En El castillo, la novela de Kafka que se lee como un chiste que ya se ha prolongado demasiado, cuando K, el agrimensor, llega al pueblo y duerme improvisadamente en la sala de la posada, es despertado por el hijo del alcalde, quien delicadamente lo amenaza: “Este pueblo es propiedad del castillo, quien vive aquí o pernocta, vive de cierta manera en el castillo. Nadie puede hacerlo sin autorización del conde. Usted, sin embargo, o no posee esa autorización o al menos no la ha mostrado”. La situación abre varios caminos narrativos que, de cierta manera, en la forma en que se siguen hasta ser clausurados, son los que le dan forma a la novela (necesariamente inconclusa). Es una estrategia genial pues causa que la narración avance aporéticamente: crea nuevos problemas, a menudo absurdos o disparatados pero siempre envueltos en la nebulosa lógica de lo narrado, que se solucionan o no para abrir, sin tregua, problemas renovados. Es, por supuesto, una de las estrategias que han abierto o consolidado tradiciones literarias más o menos ocultas. La sospecha es que uno podría establecer aquí una constelación de autores que han usado esas estrategias narrativas, pero también otras, que sirven a un deseo por avanzar relatos bajo el embrujo que arroja una prosa que se desenrosca.
Como ocurrió con sus dos libros de 2015, Kafka en traje de baño (de crónica) y Los gatos de Schrödinger (una novela), en Mil monos muertos, compuesto por ocho relatos, Franco Félix no se apura por ocultar –más bien, parece que la presume– la tradición narrativa a la que aspira. No se trata, insisto, de una tradición necesariamente oculta pero sí exigente, no sólo para el lector sino para la estirpe de autores que han buscado formar parte de ella. “Este pueblo es propiedad de Irán Castillo”, uno de los mejores relatos del volumen (si medimos con la vara humorística), es también uno donde se hace referencia explícita a esta resistente tradición.

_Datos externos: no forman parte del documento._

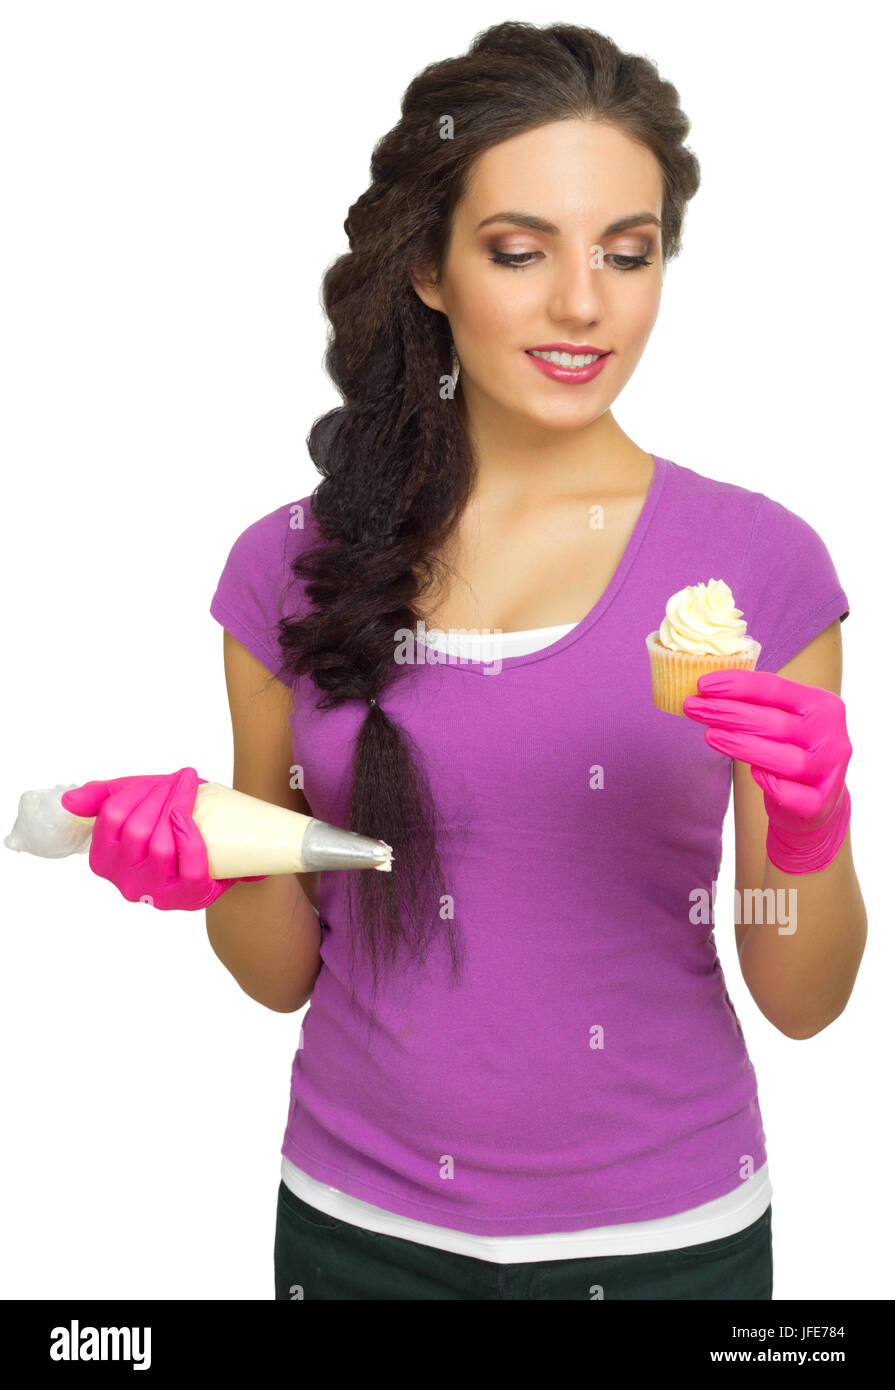 Young woman the chef prepares food isolated Stock Photo

Dos cuentos más destacan especialmente: “La inutilidad de volar”, con el que abre el volumen, y “Objeto A goza la muerte”, con el que cierra. En ellos una situación cotidiana (la discusión de baño de una pareja) o una disparatada o fantástica (un tipo hace un pacto con un demonio de poca monta) dan para construir complejos edificios intelectuales (de la misma manera en que dormir donde no es permitido detona un castillo narrativo clásico). Aunque hay un tema que más o menos hila a los ocho relatos (se insiste en el problema del suicidio y la muerte) resulta más interesante cómo algunas situaciones –algunas decididamente disparatadas, otras menos efectivas– dan para construir relatos, aprovechando canteras conceptuales de la pseudociencia pero también del psicoanálisis, la filosofía y la teología (y ocasionalmente a la cultura popular). Aunque la sombra de Donald Barthelme (un valiente narrador que, como Lydia Davis, se exigió escribir a la sombra de Beckett) también se proyecta sobre varios de los relatos de Félix, debe decirse que la prosa entre neurótica y vigoréxica lo acercan más a la órbita de David Foster Wallace, un ensayista destacado que, en contraste, fue desigual en sus relatos. Es la razón por la que relatos contenidos y breves como “Este pueblo pertenece a Irán Castillo” sean más efectivos que el arriesgado “Muertes falsas” (que puso y disparó la trampa de engolosinarse con ciertos recursos narrativos, como el uso del pie de página, que famosamente Foster Wallace exprimió).
Algo más debe decirse sobre la capacidad imaginativa que delata el libro: los personajes-situaciones colindan a menudo con lo inverosímil, en vecindad con lo absurdo, sin demasiada ceremonia. En “Esto es, innegablemente, una pipa”, un trío de drogadictos descubren su vocación empresarial después de exhumar un cráneo con el que crean una mítica pero efectiva pipa para fumar mariguana. En “Chicas suicidas” una estudiante es persuadida por su novio, un practicante de sumo a quien sólo conoce en línea, de ingresar a la industria del porno, sacándole provecho a una malformación que la hace ideal para un nicho de mercado. La malformación, un grotesco lunar con forma de calavera, repentinamente comienza a hablarle a la estudiante. ¿A quién se le ocurren cosas así? A Franco Félix.